2.2. Free Fatty Acids Profile of Commercial Animal and Vegetables Milks Obtained by GC-MS Analysis

The GC-MS analysis allowed us to obtain different lipid profiles for the milk samples, highlighting important differences among the samples. The FA profiles were produced replicating the measures three times for each type of milk. The spectra of the trimethylsilyl (TMS) derivatives of FFAs are generally easy to recognize, as they are characterized by two intense ions at 73 and 117 m/z, which correspond to the [(CH₃)₃Si]⁺ and [(CH₃)₃SiCO₂]⁺ fragments, respectively. The molecular ions have a low intensity, while very intense M-15 fragments are always present, deriving from the loss of a methyl unit from the trimethylsilyl group, and allowing us to identify FAs with the same number of C atoms, but a different degree of unsaturation. Figure 2 shows the GC-MS extracted ion chromatograms (XICs) (ion 117 m/z, time window 5–40 min) related to the analysis of milk samples extracted with a solvent from bovine milk (a), goat milk (b), soy milk (c), and rice milk (d), respectively.

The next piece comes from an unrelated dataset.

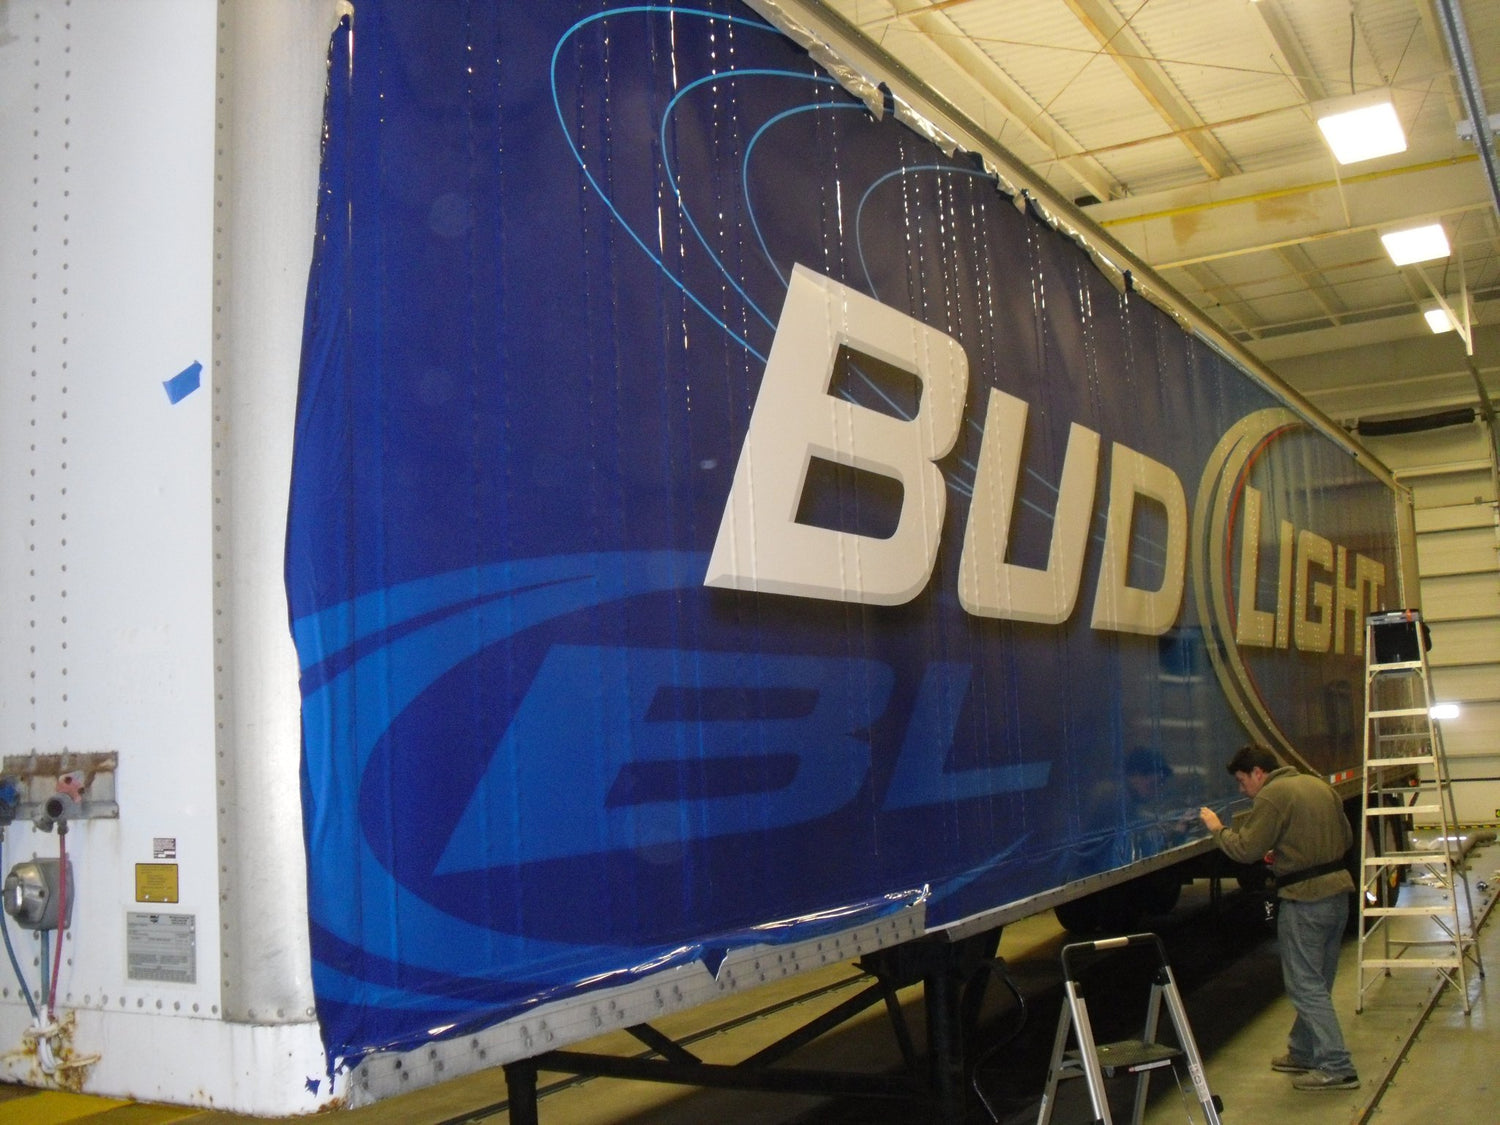 Tractor trailer vinyl wrap installed by All Signs & Graphics Inc. Large blue background and Bud Light make up the design for this corporate fleet graphic vinyl wrap.
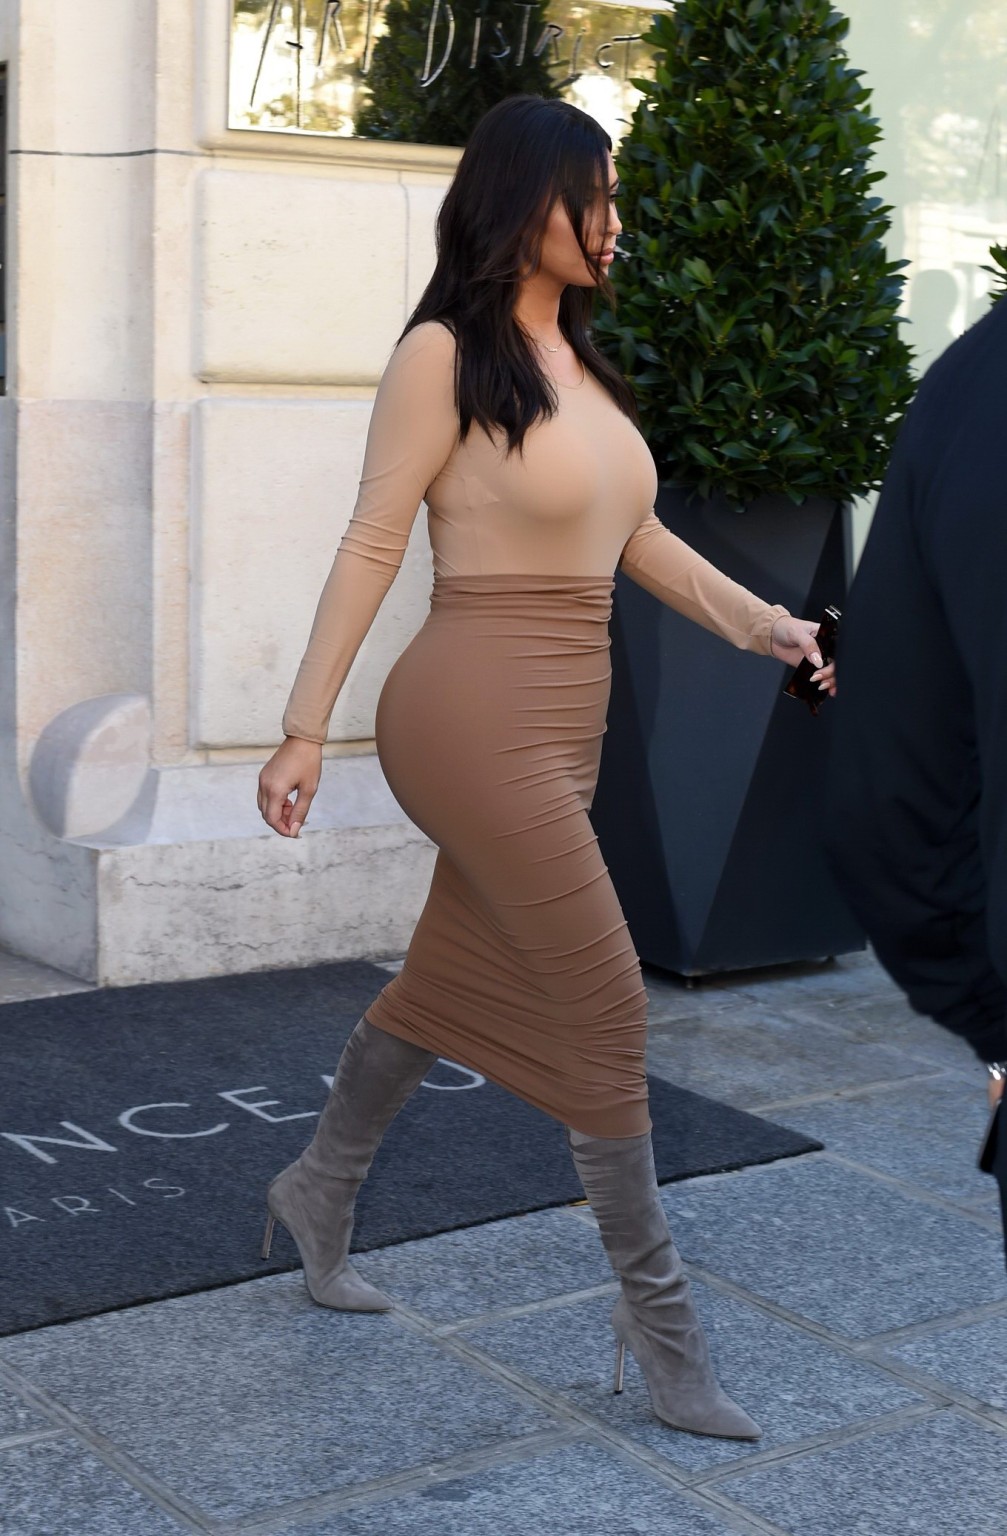 Kim Kardashian shows off her curvy body wearing tight top and skirt outside Le R #75184940

Each milk showed a specific chromatographic profile. The lipids identified using the NIST mass spectral library are listed in

Table 1. List of lipids identified by GC-MS in the TMS-derivatized milk samples.

#	RT * (min)	Compound	Formula	Common Name and Double Bond Position
1	5.87	Heptanoic acid, tert-butyldimethylsilanyl ester	C13H28O2Si	(FFA) C10:0 Capric acid
2	8.40	Dodecanoic acid, trimethylsilyl ester	C15H32O2Si	(FFA) C12:0 Lauric acid
3	11.28	Tetradecanoic acid, trimethylsilyl ester	C17H36O2Si	(FFA) C14:0 Myristic acid
4	12.95	Tetradecanoic acid, 6-methyl, trimethylsilyl ester	C18H38O2Si	(FFA) C15:0 Pentadecanoic acid
5	14.29	Hexadecanoic acid, trimethylsilyl ester	C19H38O2Si	(FFA) C16:1 Sapienic acid (6) Palmitoleic acid (9)
6	14.77	Hexadecanoic acid, trimethylsilyl ester	C19H40O2Si	(FFA) C16:0 Palmitic acid
7	16.63	Heptadecanoic acid, trimethylsilyl ester	C20H42O2Si	(FFA) C17:0 Margaric acid
8	17.92	17-Octadecynoic acid, trimethylsilyl ester	C21H40O2Si	(FFA) C18:2 Linoleic acid (9,12) Rumenic acid (cis-9, trans-11)
9	18.01	Oleic acid, trimethylsilyl ester	C21H42O2Si	(FFA) C18:1 Oleic acid (9) Eleaidinic acid (trans-9) Vaccenic acid (trans-11) Asclepic acid (11) Petroselaidic acid (trans-6)
10	18.56	Octadecanoic acid, trimethylsilyl ester	C21H44O2Si	(FFA) C18:0 Stearic acid
11	21.31	Myristic acid, 2-(trimethylsiloxy)-1-[(trimethylsiloxy)methyl]ethyl ester	C23H50O4Si2	(MAG) C14:0
12	23.16	Pentadecanoic acid, 1,3-bis-(OTMS) propyl ester (β-glyceryl pentadecanoate)	C24H52O4Si2	(MAG) C15:0
13	24.98	Hexadecanoic acid, 2,3-bis[(trimethylsilyl)oxy]propyl ester	C25H54O4Si2	(MAG) C16:0
14	26.70	Heptadecanoic acid, glycerine-(1)-monoester, bis-O-trimethylsilyl	C26H56O4Si2	(MAG) C17:0
15	28.58	Octadecanoic acid, 2,3-bis[(trimethylsilyl)oxy]propyl ester	C27H58O4Si2	(MAG) C18:0
16	31.70	Eicosanoic acid, 2,3-bis[(trimethylsilyl)oxy]propyl ester	C29H62O4Si2	(MAG) C20:0
17	34.57	Cholesterol trimethylsilyl ether	C30H54OSi	Cholesterol

* RT: retention time.

.

As expected, the identified lipids were mainly TMS esters of FFAs and monoacylglycerols (MAGs) (Table 1). Trimethylsilyl ether cholesterol was only detected in animal milks, of which bovine milk was ten times richer than goat milk. The samples were poor in short-chain FAs (C4-10), probably because of the drying procedure required by the GC analysis. Except for the loss of volatile FAs, the two protocols showed that the major FAs in the milks were equally represented.

In agreement with previous reports [27,40,41], bovine milk was characterized by a higher content of medium-chain SFAs (capric and lauric acid, C10:0 and C12:0, respectively) compared to goat and vegetable milks (Figure 3a).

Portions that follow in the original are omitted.